Monday, June 18, 2012

Perfect Bra Size

This one's solely for the ladies. Bras: surveys assessing whether women currently wear the correct band and cup size indicates that 80% of us girls are hopeless when it comes to picking the right bra.  There are many great sites that explain the details of why, and how to fix this, but here's a compilation of the best parts.

The Basics:

Breasts should be considered in 2 parts: the volume of the breast itself, and the distance around the rib cage directly under the base of the breast. The volume part is the most important because the letter cup size changes drastically depending on the band size it's attached to.
Here's a picture of what I mean: these are ALL "D" cups! Don't be discouraged when your tape measurements say "You're a D cup" and yet you look nothing at all like Chesty Larue. 

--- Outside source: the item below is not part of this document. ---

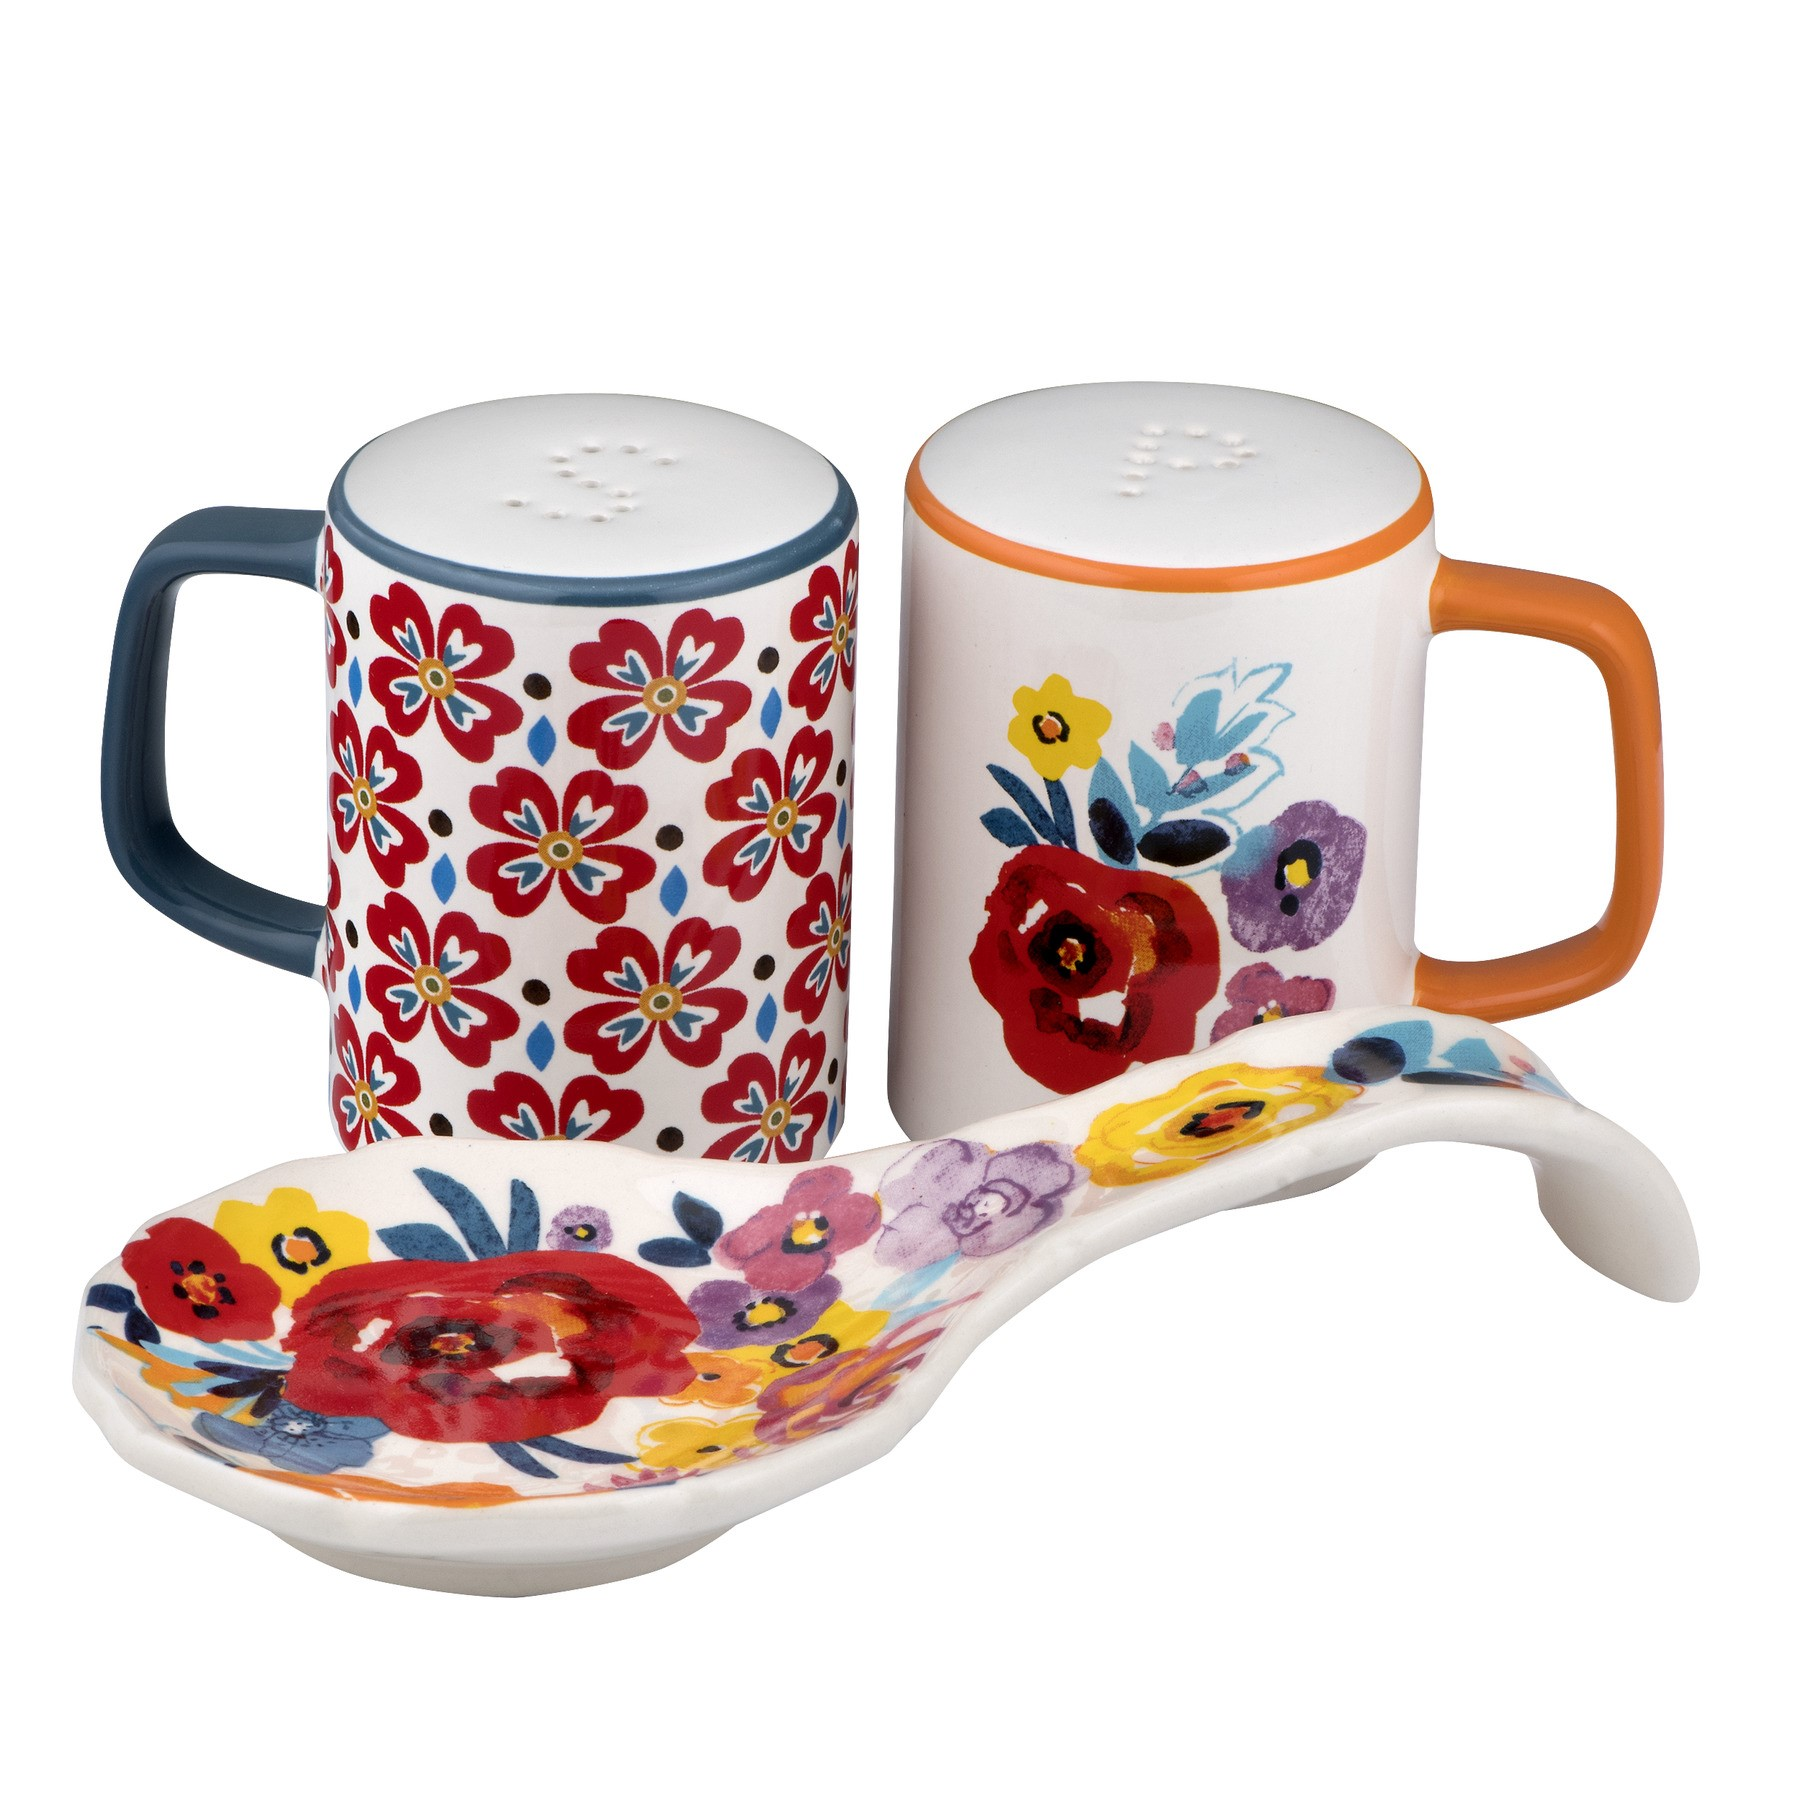 The Pioneer Woman Flea Market Floral Spoon Rest & Salt & Pepper Shakers 3 PC, 3.0 PIECE(S) by Gibson Overseas Inc

30D, 32D, 34D, 36D and 38D bras
Fantastic photo courtesy of: http://blog.butterflycollection.ca/2012/05/bra-school-not-all-d-cups-are-same-size.html

The second part of a bra is the size of the band. This is where most ladies go wrong even when they find a cup that fits well.  Most of a bra's ability to support the breast volume comes from the proper fit of the band, not the straps.  Using a too-large band and very tight straps causes tension on the shoulders and they will dig into the skin. 

Measuring:

  1. Use a cloth or paper measuring tape for this. You can print one out for free here: 
  2. http://www.herroom.com/herroomtape.pdf
  3. Remove your clothing and bra for these measurements. You want to measure *you* not your bra.
  4. Bend forward so your back is level with the floor. Measure around your nipple line all the way around your torso. The measuring tape should be fat against the skin all the way around, but not so tight that you cause the breasts to deform. This will make sure you measure 100% of your breast tissue.
  5. If your breasts have significant vertical hang when you're braless, take the measurement around your nipple line again while you are standing then average these two numbers. (Measurement 1 + Measurement 2, then divide that number by 2).
  6. Standing upright, measure around your torso directly under the spot your breast meets your chest. This is where your band should sit, regardless of where your nipple line is.  Pull the tape snug but not so snug that your sides have any "muffin lines" (or sausage kinks as some call them). 
  • For US bra sizing, use your actual band measurement + 4. If the tape says 30", then you wear a 34 band size in the US market. If you are buying bras in the UK then your band size is exactly what the tape reads.  
6.  Subtract your band size measurement from your nipple-line measurement. If the difference is less than 1 inch, you are an A cup, 1" = B cup; 2" = C cup, 3" = D cup, 4" = E cup, 5" = F, 6" = G cup, 7" = H cup, 8" = I cup; 9" = J cup, and 10" = K cup. (These are UK sizes, compare below for US equivalents).
As you can see, US sizes are rather confusing compared to UK sizing. This confusion makes it extra chalening to go up/down in the same bra and find an accurate fit. For this tutorial and the sake of simplicity, use the UK sizing model first, then reference this chart if you do not know which US bra is equivalent. 


The Right Band:

The right band will be snug, but you should still be able to slip a finger underneath without your chest being pinched by the elastic.
The band should sit flat against your breast bone in front with no gap. 
  • If it's hovering, the cups are too small.
The band should be level with the floor all the way around with no arching upward in the back.
  • If it's arching, the band is too large or the straps are much too tight.
  • Loosen the straps. If this makes your breasts sag or makes the cup wrinkle, your band is too large.
The design of the band should help lift your bust even before you tighten the straps.The perfect band for larger volume and breasts that require support will be wide and resistant to folding or rolling up when pulled around the body.  Light duty and narrow bra bands are best left to those who don't yet need support.

The Right Cup:

This is where volume matters. Forget about cup sizes for a moment and consider this chart: 
Each color represents a cup volume; 32A being the same as 30B and 28C. 
  • If your tape measurements say you are a 34C, then your breasts will fit similarly into any of the light purple bra sizes. If the band on a particular 34C model is too tight try a 36B in the same bra. If it is too loose, you try on a 32D.
  • These are sometimes called "sister sizes" because they are the same cup sewn onto different bands. 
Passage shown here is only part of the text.